From the Dino Ferrari Center (Drs. Crimi, Galbiati, Perini, Sciacco, Moggio, Scarlato, and Comi, A. Bordoni), Department of Neurological Sciences, University of Milan, I.R.C.C.S. Ospedale Maggiore Policlinico; Divisions of Neuropediatrics (Dr. Moroni) and Biochemistry and Genetics (Drs. Lamantea and Zeviani), National Neurological Institute-I.R.C.C.S., C. Besta; and Istituto Tecnologie Biomediche Avanzate (ITBA)-CNR and Centro Interdisciplinare Studi bio-molecolari e applicazioni Industriali (CISI) (Dr. Biunno), Milan, Italy.

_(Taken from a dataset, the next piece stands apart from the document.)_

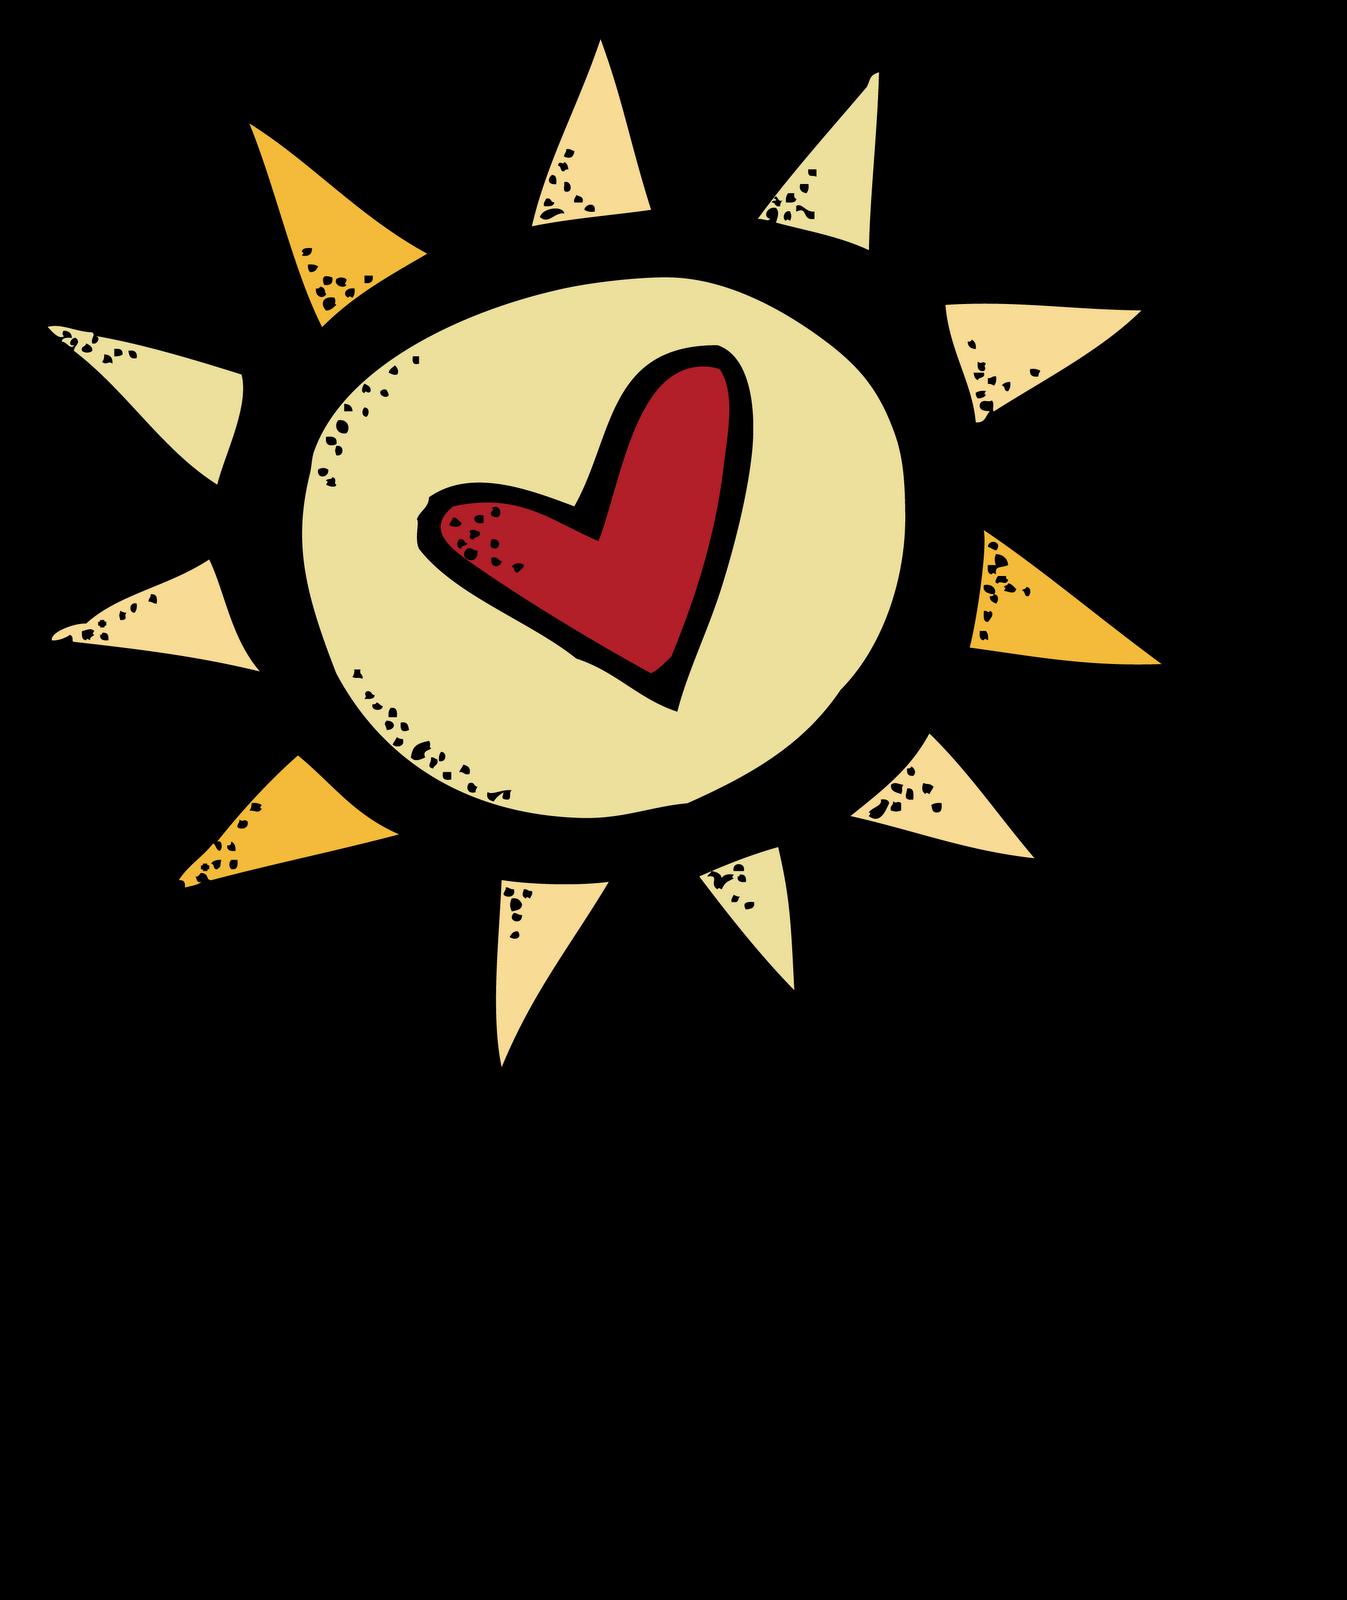 Clipart sunshine word art. Melonheadz lds illustrating in
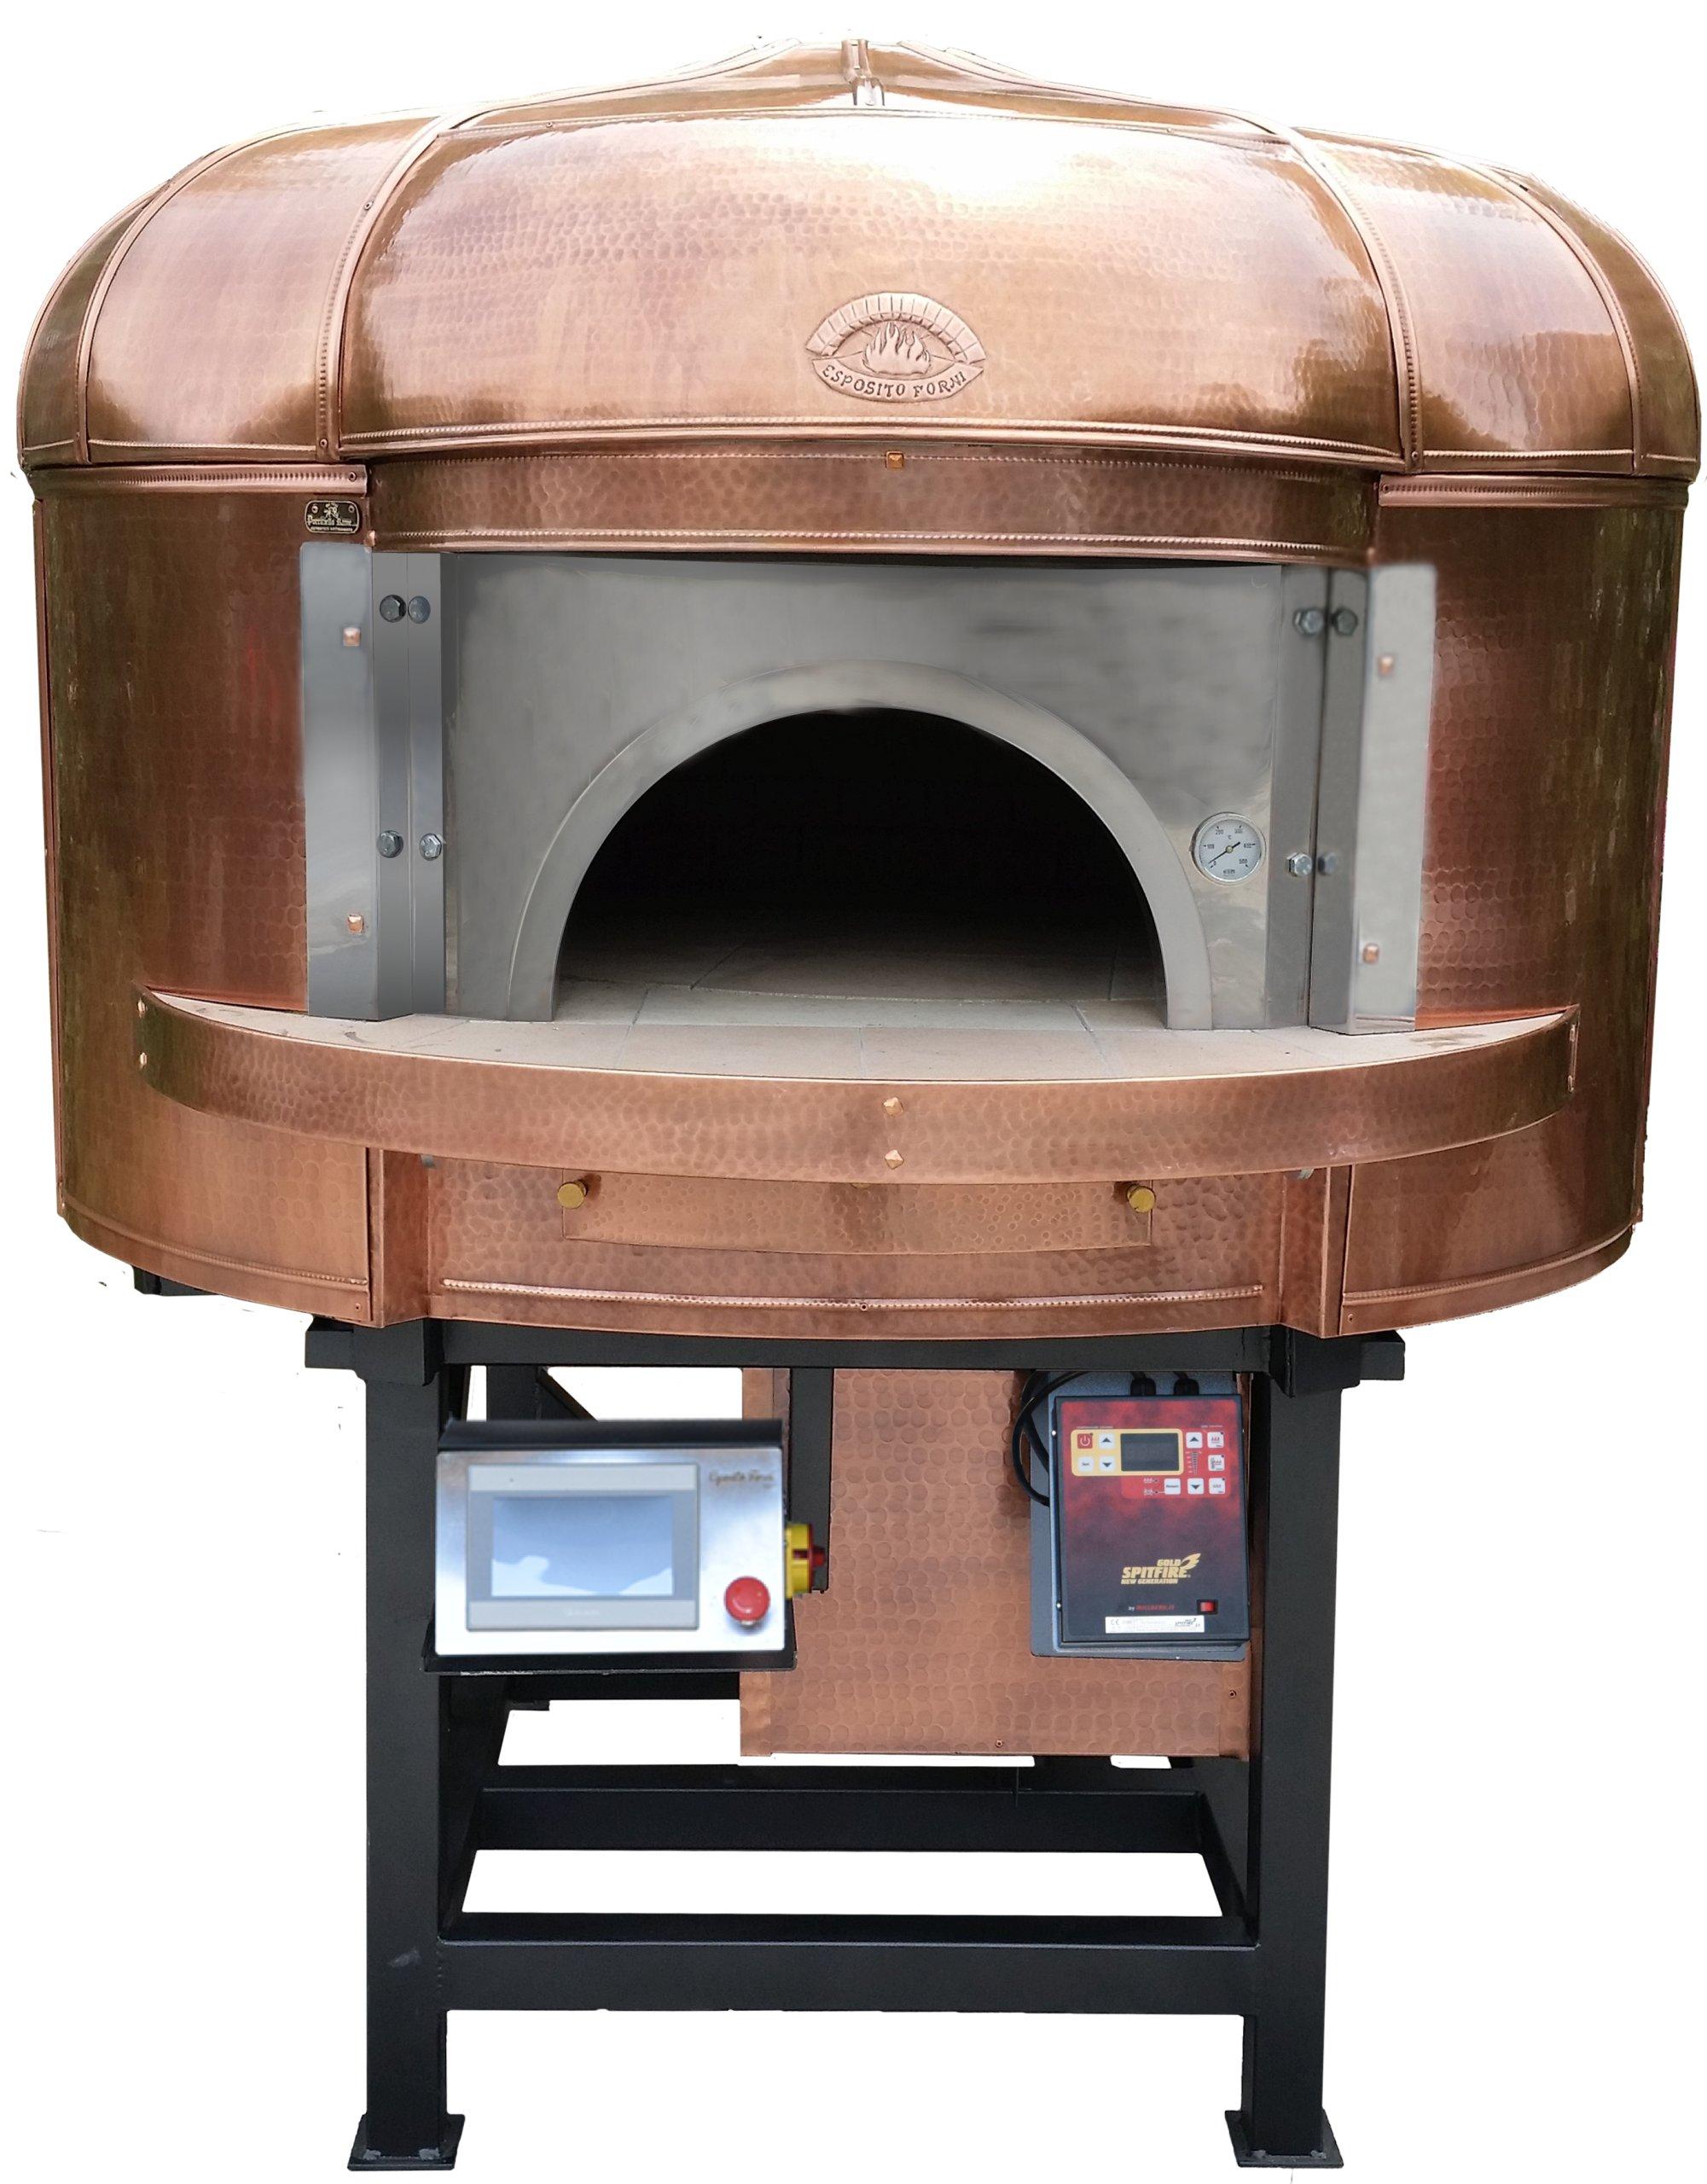 Super Piec do pizzy i chleba miedź 140 drewno/gaz - 7013681876 LB14

Address correspondence and reprint requests to Dr. Marco Crimi, Dipartimento di Scienze Neurologiche, Ospedale Maggiore Policlinico (Pad.ne Ponti), Via F. Sforza 35, 20122 Milan, Italy; e-mail: neurogene{at}policlinico.mi.it

A 13084 A->T missense mutation in the mitochondrial ND5 gene was identified in a 16-year-old boy affected with a progressive neurodegenerative disorder combining features of Leigh and MELAS (mitochondrial encephalomyopathy, lactic acidosis, and strokelike episodes) syndromes. Muscle biopsy analysis revealed partial complex I deficiency. The mutation presented a variable degree of heteroplasmy in the patient’s tissues. This finding underlines the contribution of mtDNA-encoded complex I subunits in the etiology of complex I deficiency associated with encephalopathy.